Stored dataset items
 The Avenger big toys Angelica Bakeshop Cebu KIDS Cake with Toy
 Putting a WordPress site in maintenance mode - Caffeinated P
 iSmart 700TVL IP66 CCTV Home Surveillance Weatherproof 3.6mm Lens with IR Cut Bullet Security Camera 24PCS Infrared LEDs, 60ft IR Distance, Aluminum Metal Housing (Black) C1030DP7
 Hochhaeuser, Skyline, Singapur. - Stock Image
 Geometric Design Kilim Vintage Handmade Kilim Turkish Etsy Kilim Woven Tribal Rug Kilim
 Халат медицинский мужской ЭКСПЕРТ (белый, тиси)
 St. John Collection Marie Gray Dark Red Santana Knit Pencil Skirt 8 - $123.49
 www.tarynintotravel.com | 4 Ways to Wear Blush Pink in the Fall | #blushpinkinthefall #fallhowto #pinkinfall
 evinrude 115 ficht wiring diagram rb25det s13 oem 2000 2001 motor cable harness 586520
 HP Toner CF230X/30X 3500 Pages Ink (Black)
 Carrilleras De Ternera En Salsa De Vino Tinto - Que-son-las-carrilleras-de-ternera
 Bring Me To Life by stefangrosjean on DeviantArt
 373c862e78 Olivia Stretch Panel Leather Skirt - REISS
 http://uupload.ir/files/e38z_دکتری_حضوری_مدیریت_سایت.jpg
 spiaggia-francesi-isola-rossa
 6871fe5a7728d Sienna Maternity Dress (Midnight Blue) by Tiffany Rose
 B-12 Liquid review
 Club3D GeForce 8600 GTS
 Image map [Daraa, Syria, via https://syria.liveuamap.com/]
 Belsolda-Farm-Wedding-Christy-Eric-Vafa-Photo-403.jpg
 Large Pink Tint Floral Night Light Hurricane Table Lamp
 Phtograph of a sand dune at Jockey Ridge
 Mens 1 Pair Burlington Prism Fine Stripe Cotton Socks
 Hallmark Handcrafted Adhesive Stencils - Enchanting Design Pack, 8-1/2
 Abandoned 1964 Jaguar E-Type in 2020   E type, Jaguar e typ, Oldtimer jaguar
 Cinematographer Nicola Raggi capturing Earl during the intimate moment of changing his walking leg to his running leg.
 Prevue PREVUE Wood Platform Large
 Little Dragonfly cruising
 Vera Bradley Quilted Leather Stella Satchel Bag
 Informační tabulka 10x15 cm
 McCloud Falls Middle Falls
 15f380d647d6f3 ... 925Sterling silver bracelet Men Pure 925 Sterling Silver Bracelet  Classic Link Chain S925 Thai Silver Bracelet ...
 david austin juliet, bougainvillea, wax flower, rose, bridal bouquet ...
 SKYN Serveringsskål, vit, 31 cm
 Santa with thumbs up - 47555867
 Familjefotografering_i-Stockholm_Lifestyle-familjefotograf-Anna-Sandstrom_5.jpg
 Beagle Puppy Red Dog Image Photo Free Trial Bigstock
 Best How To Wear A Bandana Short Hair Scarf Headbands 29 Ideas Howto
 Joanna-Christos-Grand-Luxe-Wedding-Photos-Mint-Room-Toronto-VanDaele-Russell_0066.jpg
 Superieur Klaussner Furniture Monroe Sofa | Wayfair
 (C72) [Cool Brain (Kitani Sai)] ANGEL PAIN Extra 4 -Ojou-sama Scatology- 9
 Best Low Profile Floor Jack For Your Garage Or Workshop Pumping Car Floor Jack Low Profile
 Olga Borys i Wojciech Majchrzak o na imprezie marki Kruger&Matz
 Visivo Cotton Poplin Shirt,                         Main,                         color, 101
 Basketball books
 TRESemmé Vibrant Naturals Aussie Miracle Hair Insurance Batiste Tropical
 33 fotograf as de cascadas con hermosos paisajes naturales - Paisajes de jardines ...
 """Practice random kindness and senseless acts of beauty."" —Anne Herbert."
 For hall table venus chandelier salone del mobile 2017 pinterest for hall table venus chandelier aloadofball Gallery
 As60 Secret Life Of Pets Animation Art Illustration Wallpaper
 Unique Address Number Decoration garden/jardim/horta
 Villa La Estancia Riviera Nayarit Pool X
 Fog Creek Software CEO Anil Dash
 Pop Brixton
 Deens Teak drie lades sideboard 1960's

**Work request**
All lines from the opening of the records through the line where "Mens 1 Pair" occurs are to be output verbatim. No other line belongs in the answer.

**Exercise response**
 The Avenger big toys Angelica Bakeshop Cebu KIDS Cake with Toy
 Putting a WordPress site in maintenance mode - Caffeinated P
 iSmart 700TVL IP66 CCTV Home Surveillance Weatherproof 3.6mm Lens with IR Cut Bullet Security Camera 24PCS Infrared LEDs, 60ft IR Distance, Aluminum Metal Housing (Black) C1030DP7
 Hochhaeuser, Skyline, Singapur. - Stock Image
 Geometric Design Kilim Vintage Handmade Kilim Turkish Etsy Kilim Woven Tribal Rug Kilim
 Халат медицинский мужской ЭКСПЕРТ (белый, тиси)
 St. John Collection Marie Gray Dark Red Santana Knit Pencil Skirt 8 - $123.49
 www.tarynintotravel.com | 4 Ways to Wear Blush Pink in the Fall | #blushpinkinthefall #fallhowto #pinkinfall
 evinrude 115 ficht wiring diagram rb25det s13 oem 2000 2001 motor cable harness 586520
 HP Toner CF230X/30X 3500 Pages Ink (Black)
 Carrilleras De Ternera En Salsa De Vino Tinto - Que-son-las-carrilleras-de-ternera
 Bring Me To Life by stefangrosjean on DeviantArt
 373c862e78 Olivia Stretch Panel Leather Skirt - REISS
 http://uupload.ir/files/e38z_دکتری_حضوری_مدیریت_سایت.jpg
 spiaggia-francesi-isola-rossa
 6871fe5a7728d Sienna Maternity Dress (Midnight Blue) by Tiffany Rose
 B-12 Liquid review
 Club3D GeForce 8600 GTS
 Image map [Daraa, Syria, via https://syria.liveuamap.com/]
 Belsolda-Farm-Wedding-Christy-Eric-Vafa-Photo-403.jpg
 Large Pink Tint Floral Night Light Hurricane Table Lamp
 Phtograph of a sand dune at Jockey Ridge
 Mens 1 Pair Burlington Prism Fine Stripe Cotton Socks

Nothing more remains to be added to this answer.